# gamo shadow 1000 + 4x32 bsa scope



## dukethepuke (Oct 16, 2006)

I have been shooting crossman/daisy pellet guns since i was 8 (I'm now 19) and i recently bought a gamo shadow 1000 and a scope... i have been trying to zero in my scope for about 3 days and 1000 pellets but I'm still only getting a 3.75" group at 20 yards, my daisy smooth bore shoots better than that.

I'm shooting premier pointed pellets and i have noticed that they like to tumble...

to make this even worse I'm a coffee/mountain dew addict that cant seem to hold the gun still....
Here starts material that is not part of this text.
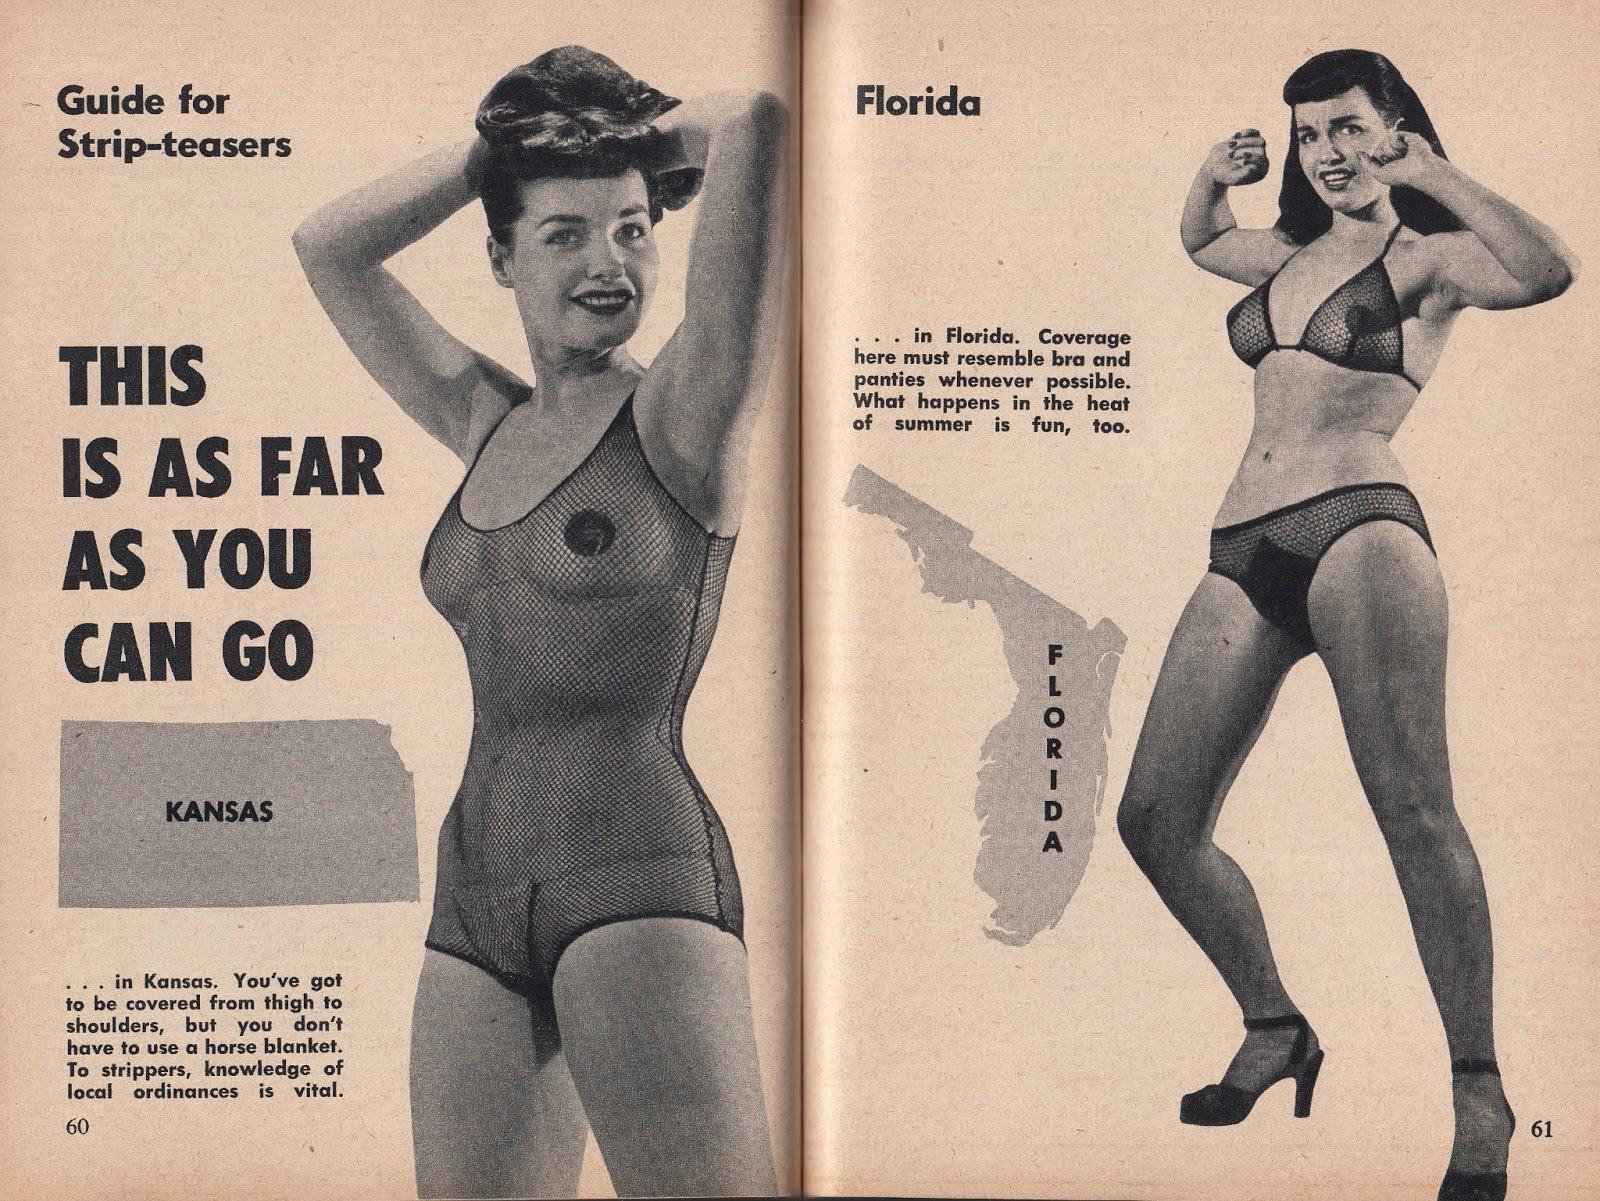 Marilyn monroe nude legs spread interesting phrase
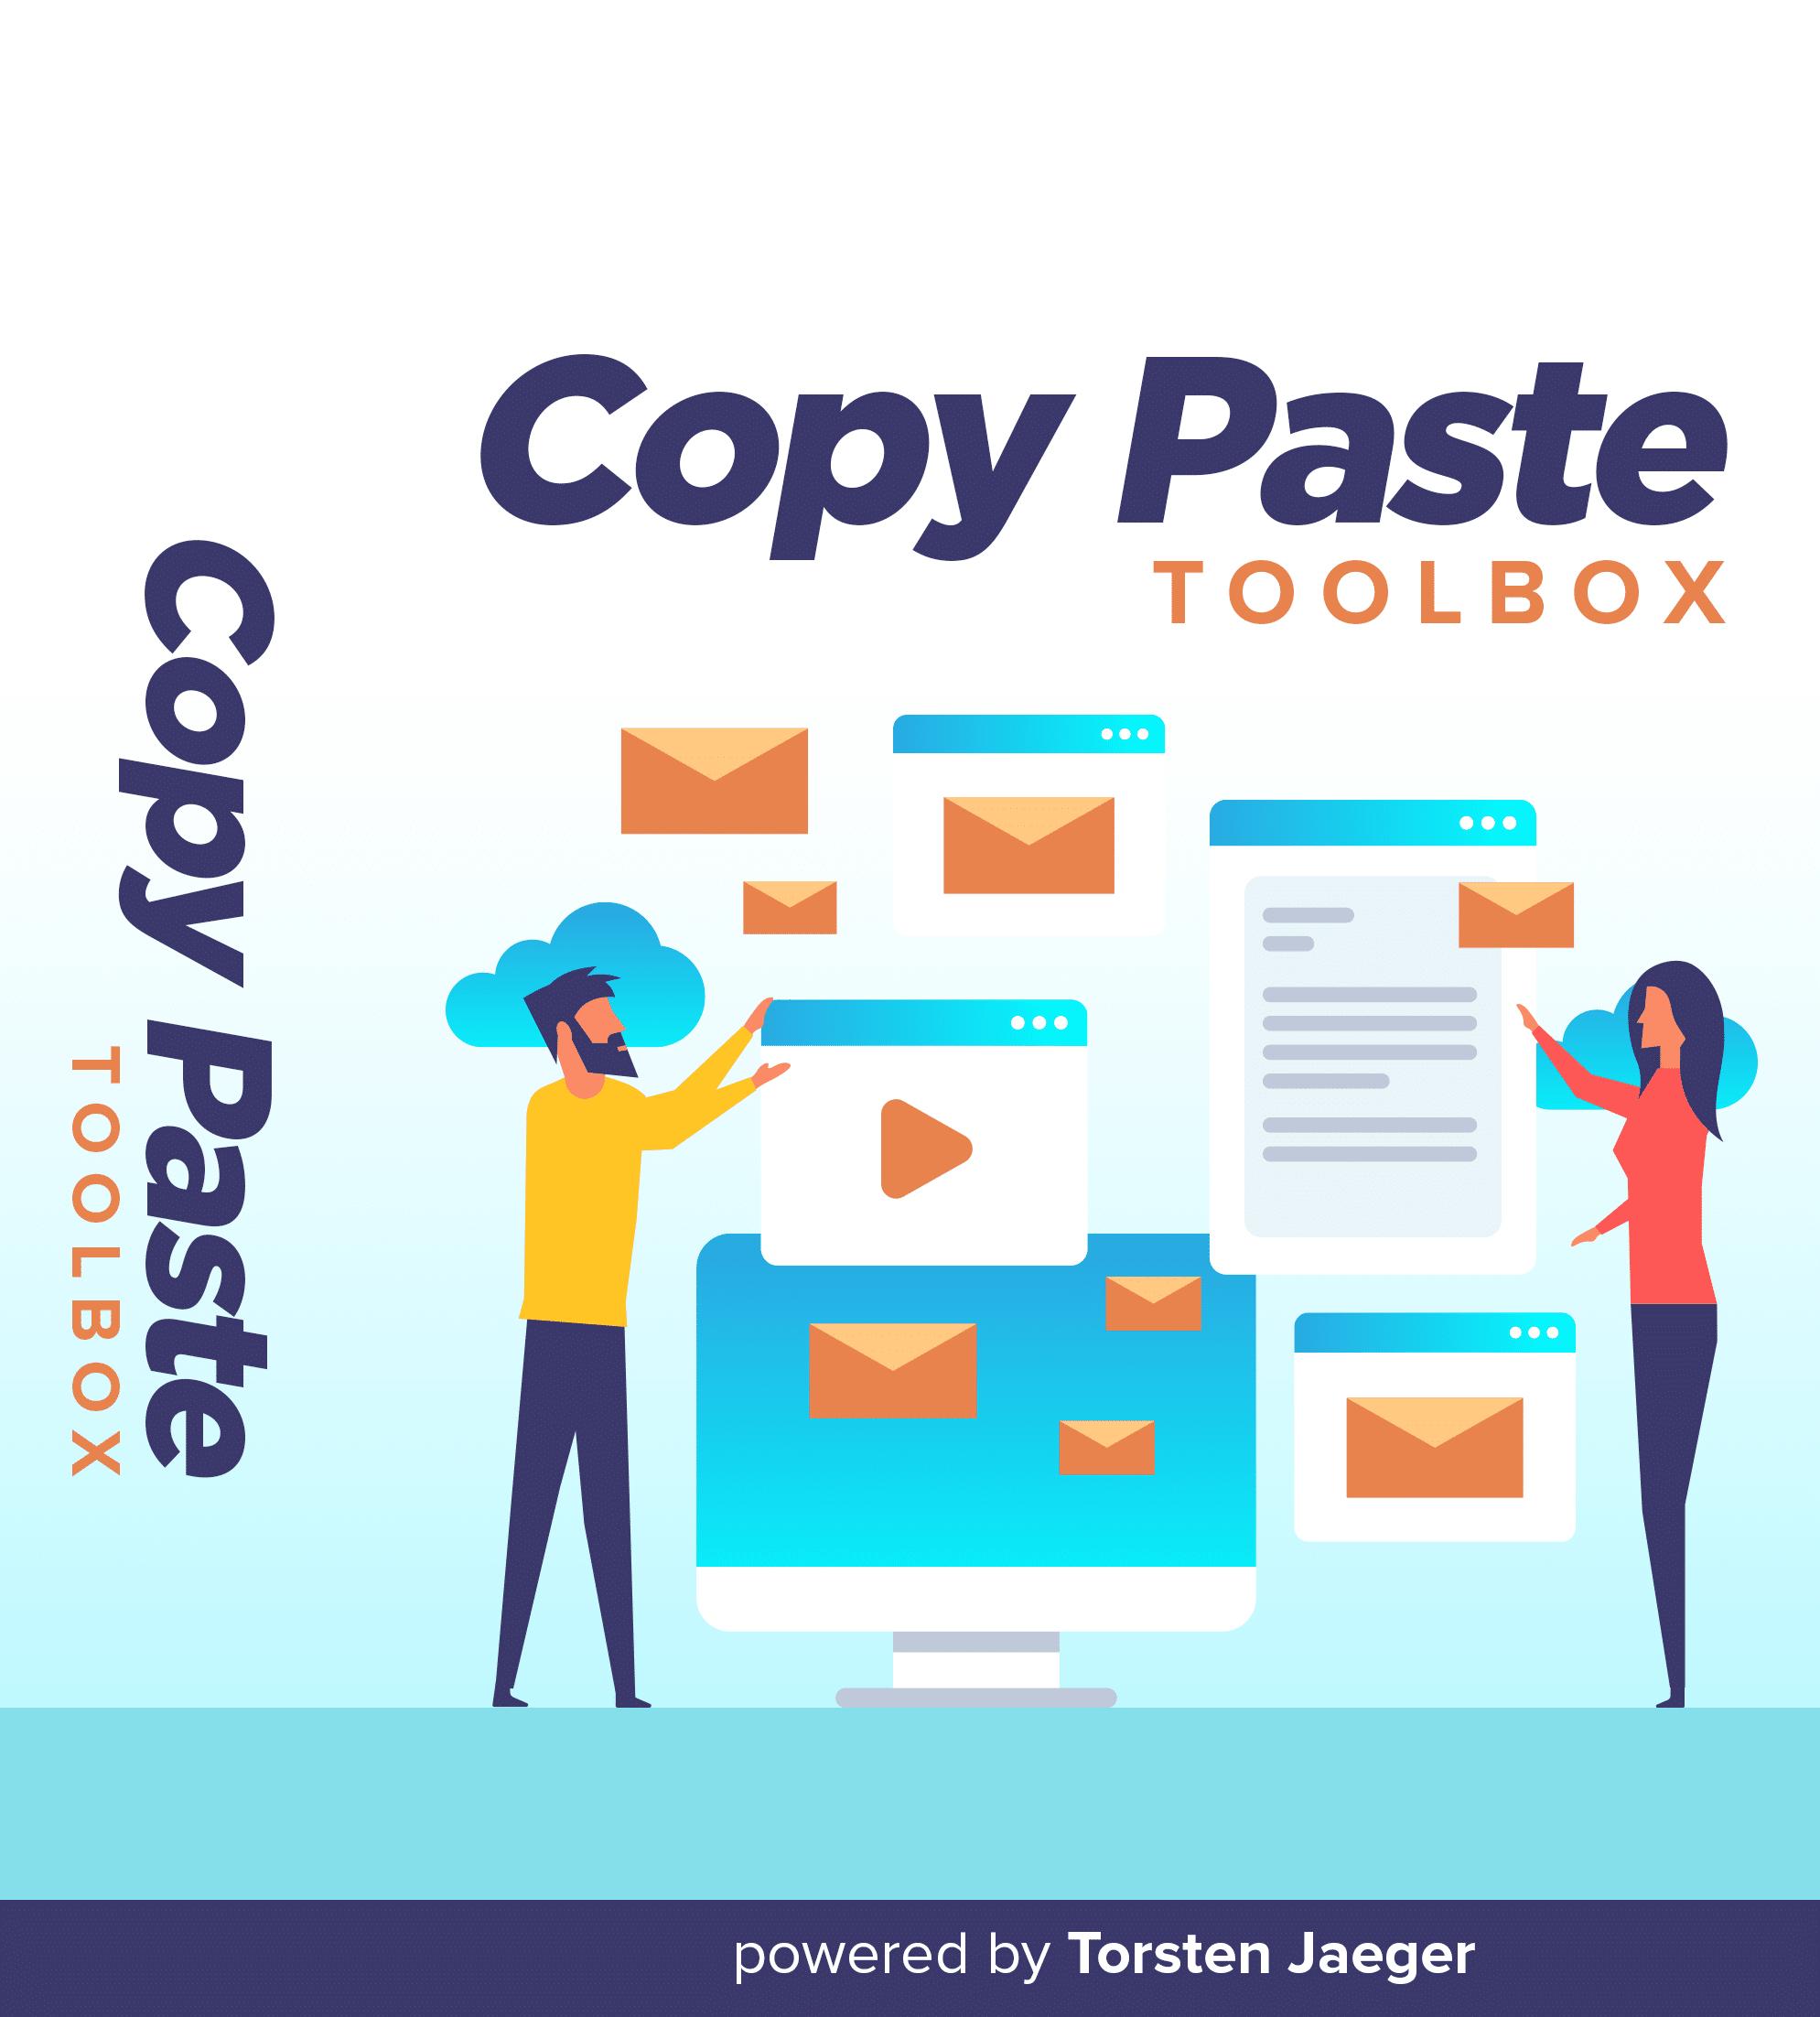 Copy Paste Toolbox

I'm supposed to go squirrel hunting Saturday and if my shooting doesn't improve i don't know that i want to go...

help?

duke


----------



## Rockajimbo (Jun 2, 2006)

Well Shadow ain't no Daisy. It has vibrating recoil which causes problem to many shooters. And if you Have just shot 1000 pellets the gun should be broken in that time so problem is not that. Try to appetize something else to your gun, mine shadow likes Gamo's Pro Mag's and surprisingly Gamo's Rockets gets in good group. In 15m i get consistently group size of 15-10mm, and i just use those default fiber sights which came with the gun. Try to relax after each shot and get on to it. If you're just hyperventilating and trying to shoot without tought the pellet will hit where ever it wants. And I think you have heard this from many shooters but hold the gun as smoothly as you can and let it recoil. I hope this helped somehow you. Yes and good luck to your hunt, hope you get some of those rodents


----------



## dukethepuke (Oct 16, 2006)

stopped and bought a tin of crossman premium hps and some beemman (sp?) match pellets and holy **** the match pellets are nice, 1" group at 25 yards standing...

shot a crow off my grandparents bird feeder at about 25 yards with the HPs, the pellet hit the bird with an incredible thwack however after retrieving the pellet with some hemos i noticed it hadn't mushroomed out at all...

what would be the preferred pellet for hunting?

also, the old pump action 22 that i have with iron sights needs to be retired to the mantle, what would be a good selection for small game.

looking at 4/10 ga shotguns and .22 long rifles...

want to spend under 300 dollars.

duke


----------



## Sniper_911 (Apr 1, 2006)

at a local sporting goods store up here, i think dick's or dunhams, they have a real nice savage .17hmr bolt action rifle for only $159 or $199 for it and a nice bsa 3-9x42mm scope. the .17hmr round is wicked on groundhogs and *****.


----------